If you don’t drink alcohol, don’t let your host or hostess pour a glass for you and then you leave it untouched. Just tell them not to set a wine glass at your place setting, or politely refuse the wine pour with an “Oh, no, thank you.” These days, no one thinks twice as to whether others are drinking, or not. In fact, when I’m the designated driver, I will politely refuse alcohol at others’ homes or at restaurants. Of course, if you are invited to Buckingham Palace or a similar venue, you may be expected to toast your alcohol-filled glass even though you may not drink alcohol.
And leftovers. Don’t be “that guest” who asks (or demands!) to take home the leftovers from dinner. Even if it’s Thanksgiving or Christmas and the food was delectable, let your host or hostess offer leftovers before you embarrass them (and yourself) by asking in front of the other guests. It’s better to ask for the recipe, if available, and make the dish at home for yourself.
If you want to help with clean-up, please don’t take it upon yourself to do so at my house. I prefer to take care of the clean-up myself. And please don’t stack the dirty dishes on the table with food still stuck to them. I once had a guest “help out” only to find chicken bones had clogged up my dishwasher. He had not removed the bones from the backs of the plates which he had stacked up and then didn’t rinse them off before he “helped” by putting them in the dishwasher.
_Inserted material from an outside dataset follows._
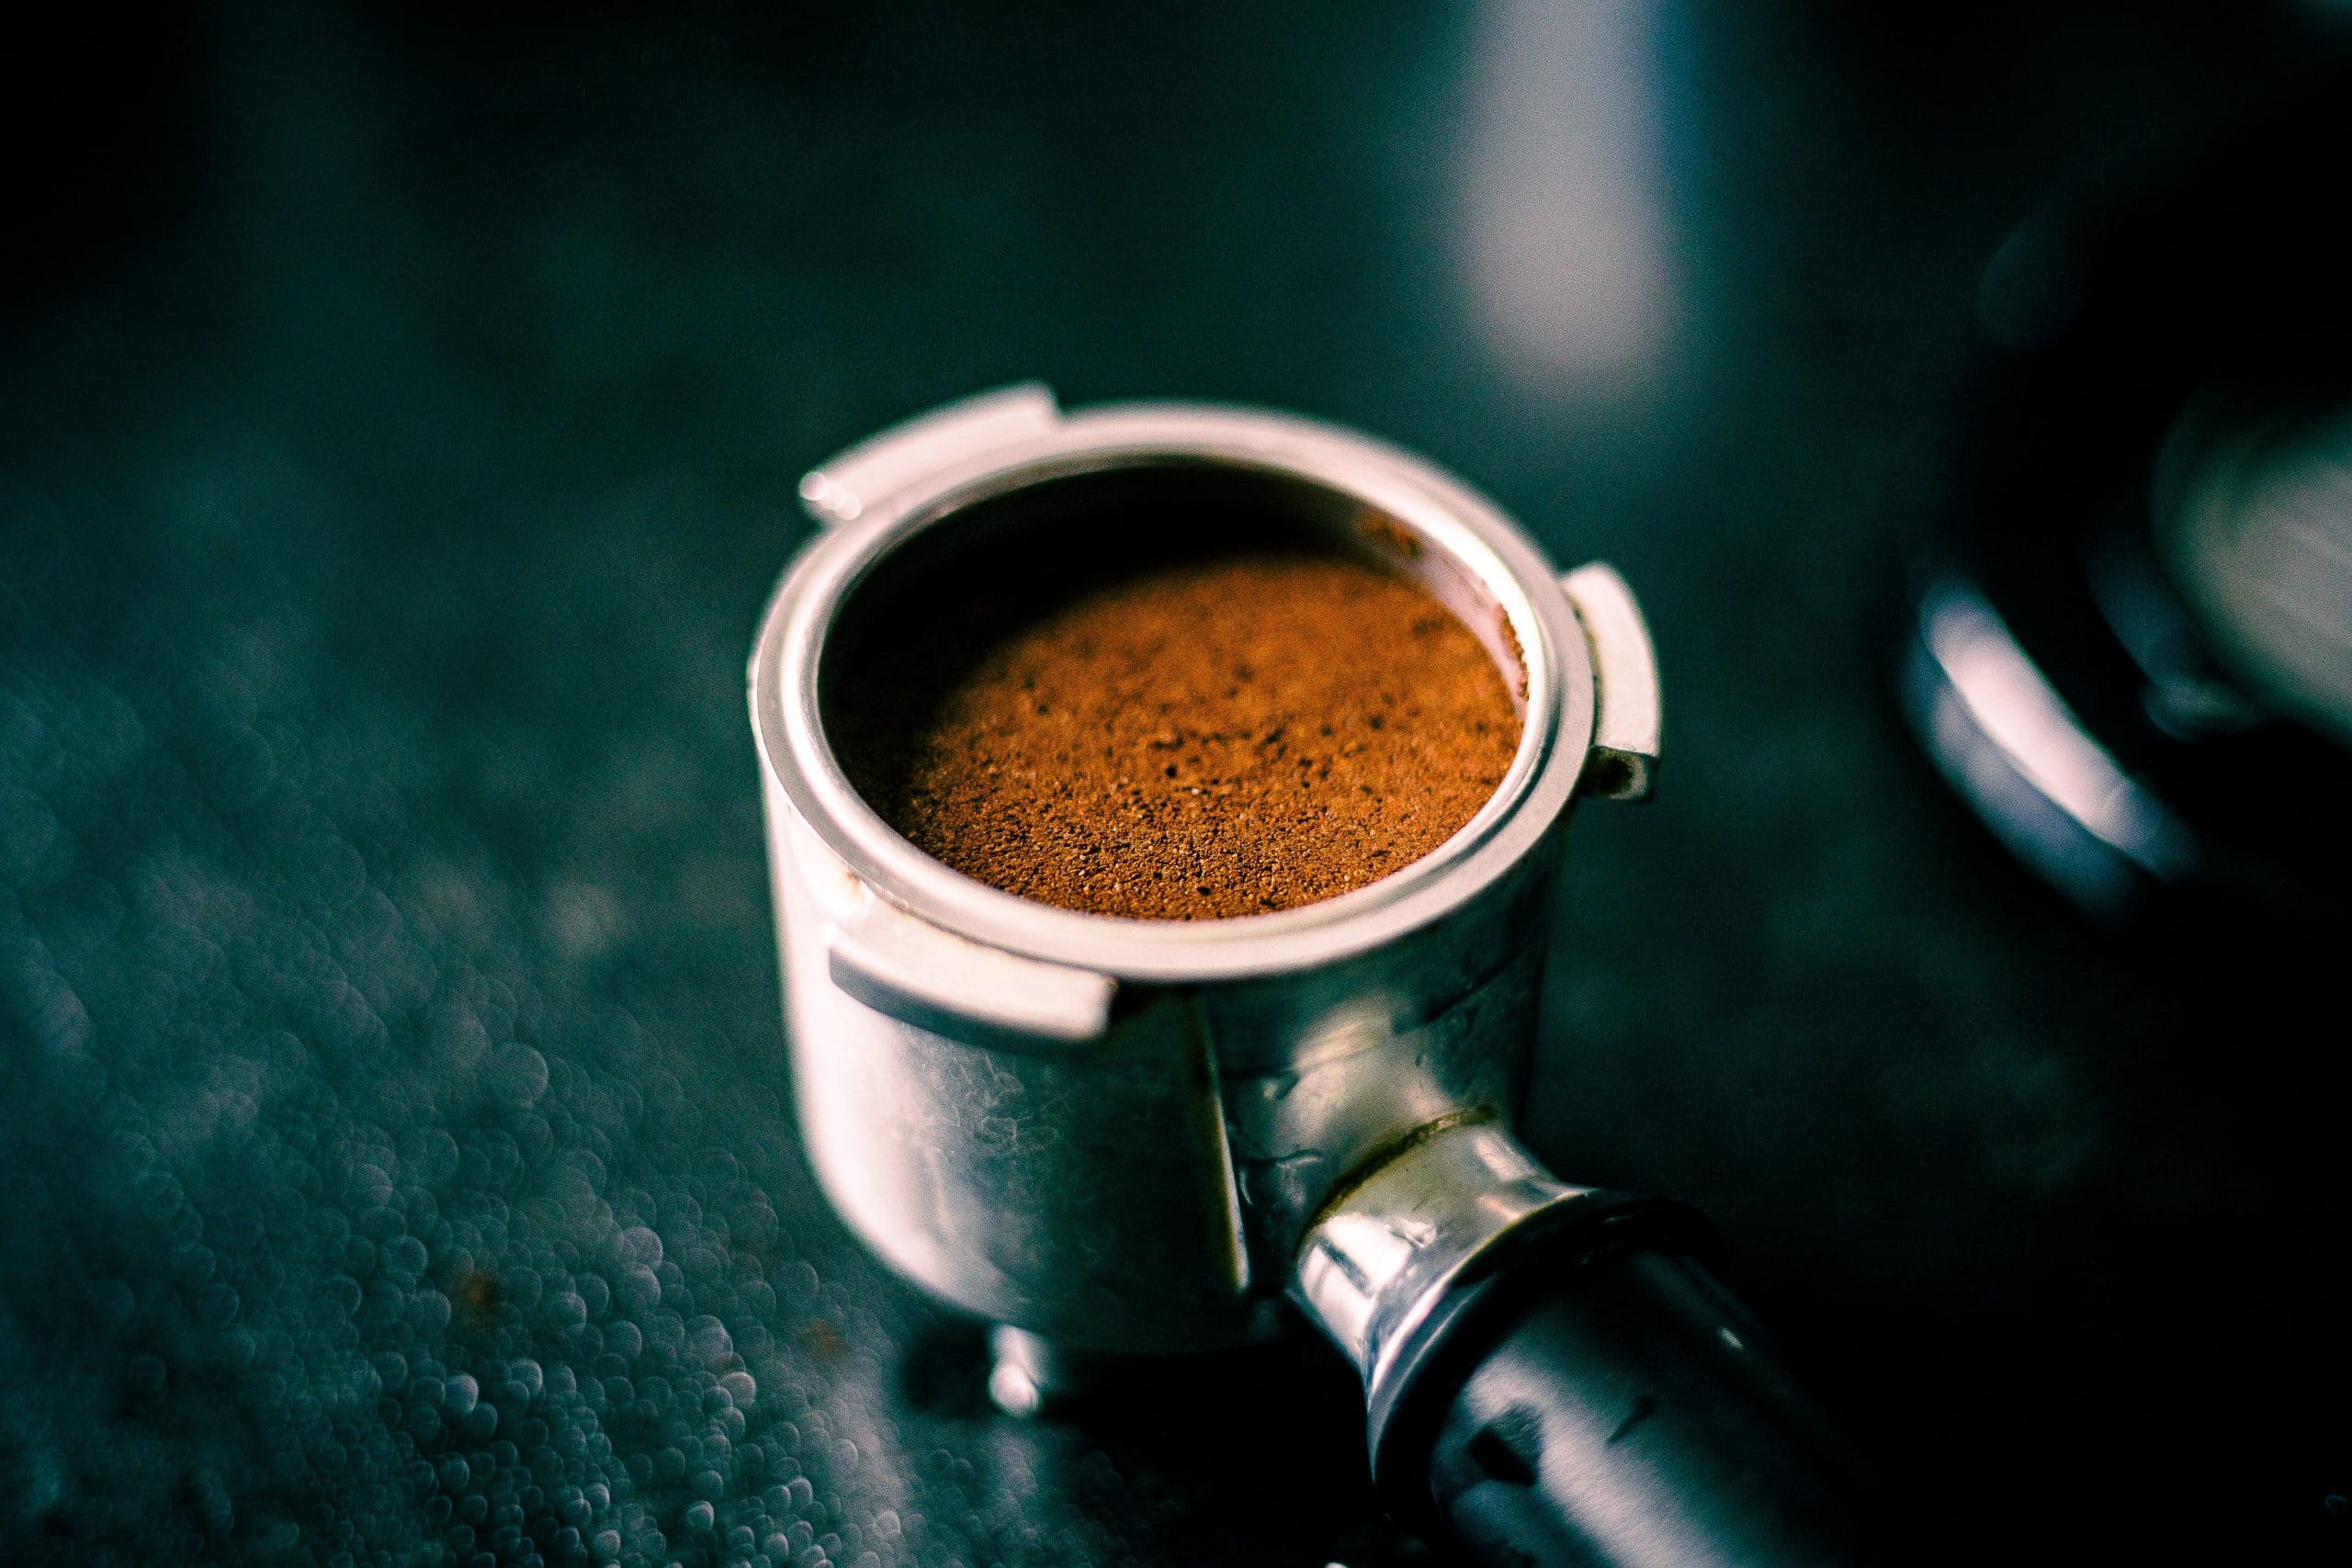 TUTO] Comment faire un café filtre ? (avec une cafetière
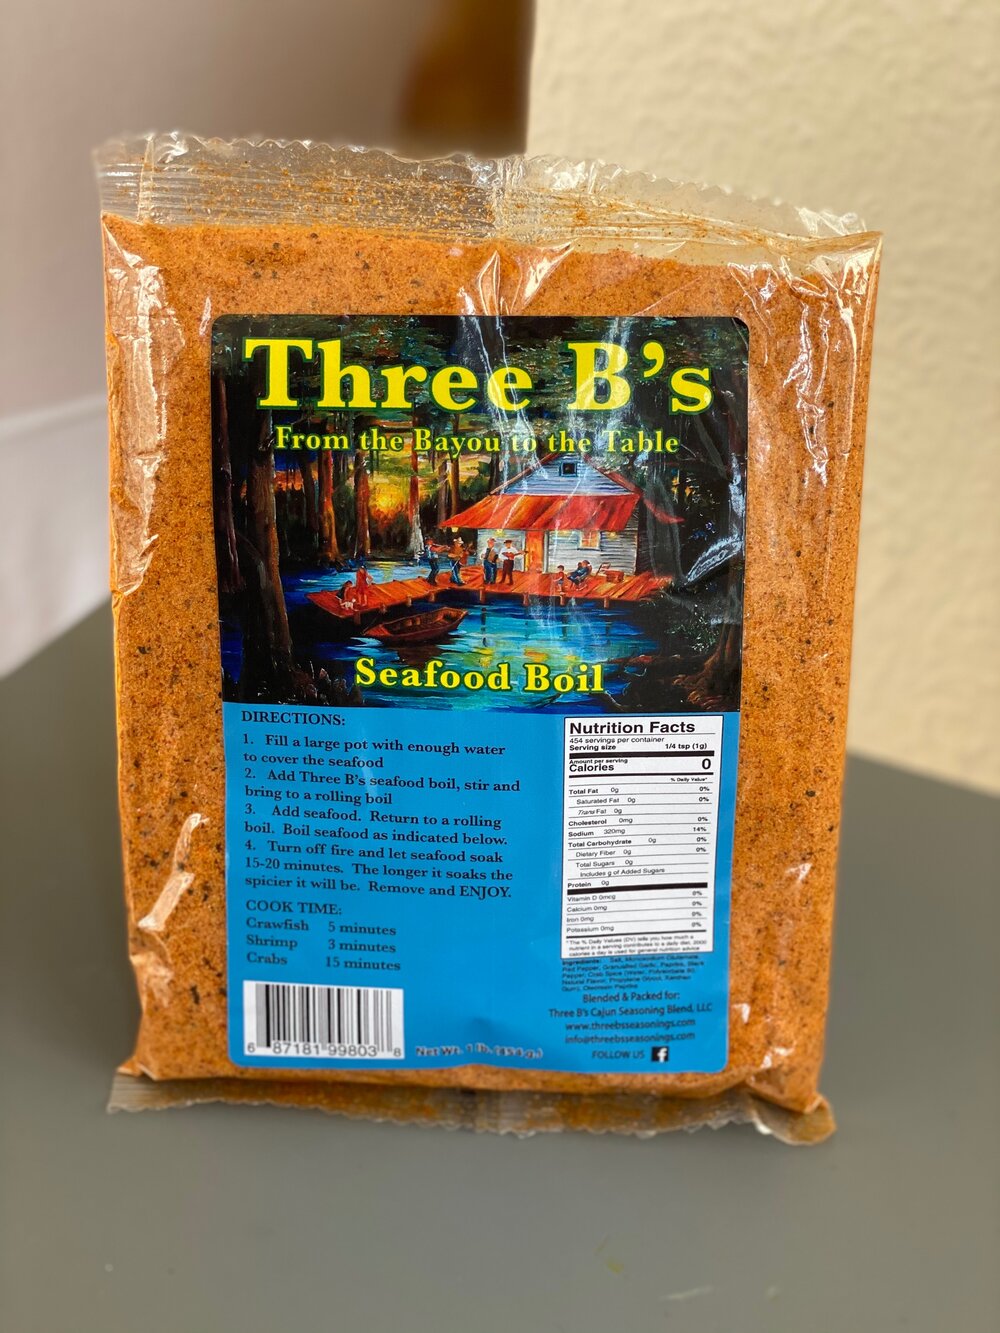  Southern Boyz Seasonings Cajun Seafood Boil, 4 Pound Bulk Sack  (No MSG Blend - Seasons 35-40 Pounds Crawfish, 45 Pounds Shrimp or 6-8  Dozen Crabs) : Grocery & Gourmet Food

Remember that your host or hostess has gone to a lot of effort to invite you over and serve a meal. If you are not a great cook, don’t like to entertain at home, or maybe you feel that you have a messy house, then RECIPROCATE by offering to treat your host or hostess to dinner at one of their favorite restaurants at a later date. And YOU need to pick up the ENTIRE check. Or, as your host/hostess gift, you could offer a gift certificate to a favorite restaurant to be used by them on their own schedule. Some guests don’t realize the time and effort expended by the hosts/hostesses to cook a nice multi-course meal and then clean up afterwards! Also, inviting your host or hostess to a potluck picnic and asking them to bring a dish to “make up” for their dinner invitation is not the same. Invite them for a meal, without others, whether at your home or out. I can’t stress this more in being a gracious dinner guest. Even if you serve a simple meal of burgers, hot dogs, store-bought potato salad, and a local bakery pie, I’d still be happy to let YOU entertain ME! Conversely, it’s easier for us to meet some reciprocating guests at a restaurant as their treat if there are food allergies/aversions and that way people can order what they like to eat.
This posting is likely a bit “direct” for some readers, however, I think a lot of these things need to be said as etiquette seems to have become less and less important these days. I’m certainly not “Miss Manners” although I’ve seen my share of inappropriate behavior over the years. My husband and I try to be gracious hosts yet we do expect good behavior on the part of our guests.